FoxC2 is a transcription factor of the forkhead family that functions in differentiation of lymphatic vasculature. Specifically, FoxC2 is expressed in luminal valves of lymphatic vasculature and loss of function of FoxC2 results in failure to form valves and recruit smooth muscle cells to lymphatic collecting ducts.28
Recently, it has been found that in mouse embryonic endothelial cells (MEECs), FoxC1 and FoxC2 upregulate the expression of Notch1, Notch4, and Dll4, as well as the arterial specific markers, ephrinB2 and the Notch target, Hey2.29 The regulation of Dll4 occurs via direct binding of FoxC to fork-head binding sites in the Dll4 promoter. This suggests that the FoxC transcription factors function upstream of Notch to promote arterial specification. In fact, FoxC1 and FoxC2 double homozygous knockout mice exhibit arteriovenous malformations and a loss of arterial markers within the embryonic endothelium. As with ephrinB2, Foxc2 functions with Notch in arterial specification. Also like ephrinB2, FoxC2 is involved in lymphatic remodeling and maturation.
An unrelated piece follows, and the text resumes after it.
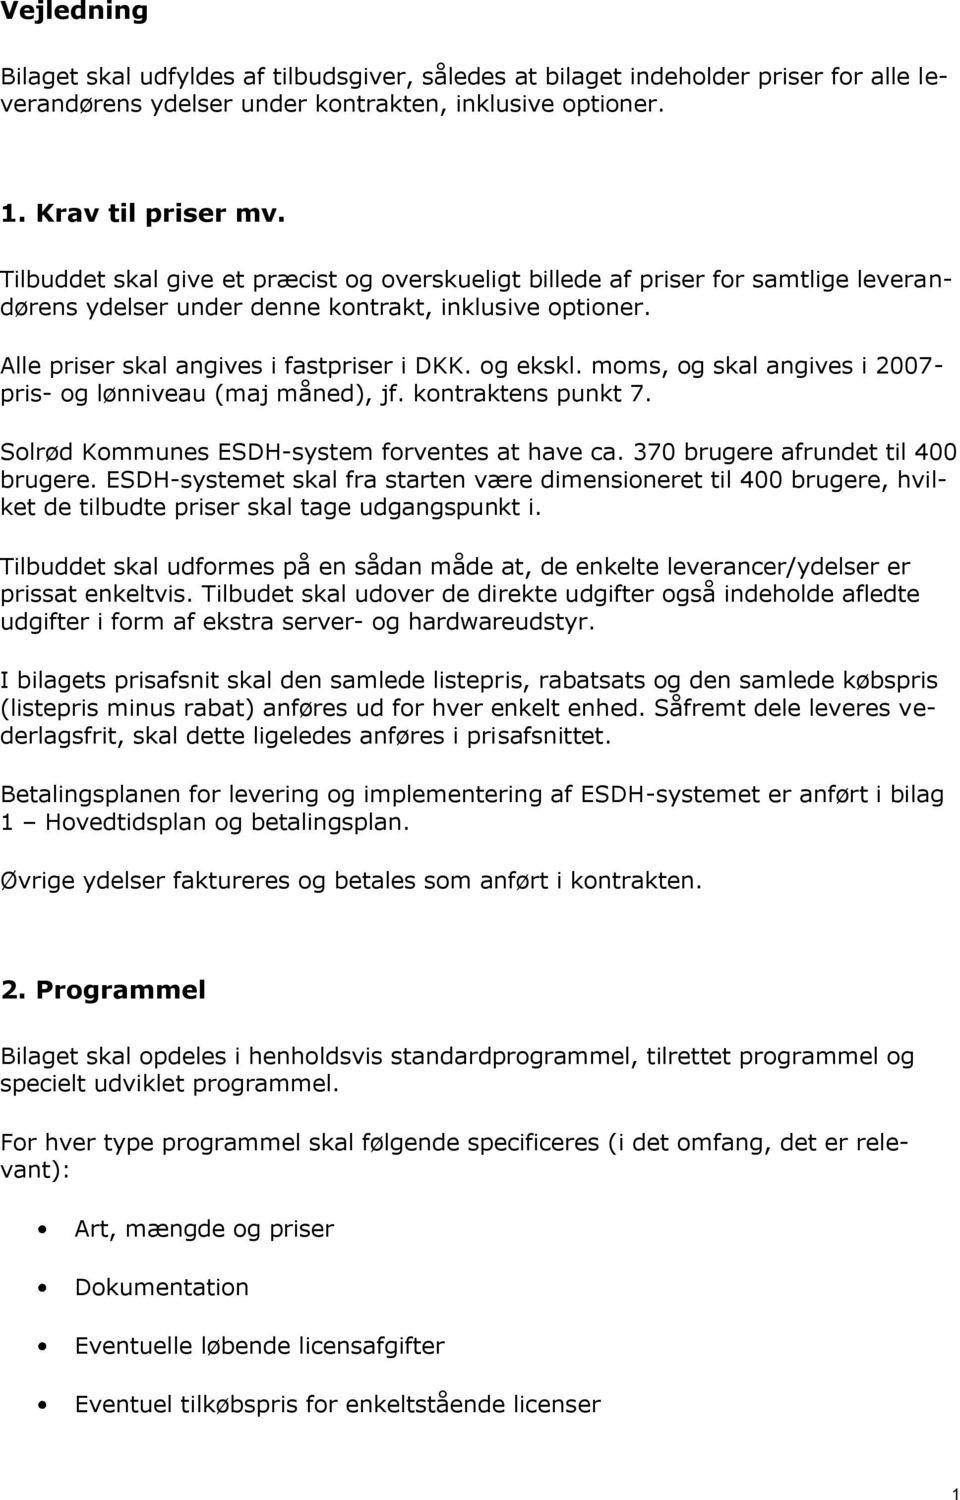 moms, og skal angives i 2007- pris- og lønniveau (maj måned), jf. kontraktens punkt 7. Solrød Kommunes ESDH-system forventes at have ca. 370 brugere afrundet til 400 brugere.

Another intriguing observation relates to the fact that Foxc1 heterozygous/Foxc2 homozygous double knockouts have reduced sprouting of Prox1 positive cells from the cardinal vein that was suggested to arise from reduced mesenchymal VEGF-C expression. Thus, early lymphatic specification depends to some extent on proper Foxc1 activity. However, Foxc2 was found expressed in endothelium of the cardinal vein. Could the lymphatic defects be in part due to aberrant Notch signaling as well?
We present three examples of key genes that function in arterial specification that have recently been implicated in lymphatic development; ephrinB2, FoxC2, and Notch. In arterial cell fate determination, Foxc2 regulates both Notch and Notch ligand expression that in turn drives expression of ephrinB2. It will be interesting to determine if the regulatory relationships between these pathways found in arterial development are relevant to understanding lymphatic development, that is, we ask whether arterial regulators are also key regulators of lymphatic development. On the other hand, should one be asking whether key regulators of lymphatic development also function in arterial development?
Professors Shawber and Kitajewski have no conflicts of interest or financial ties to disclose.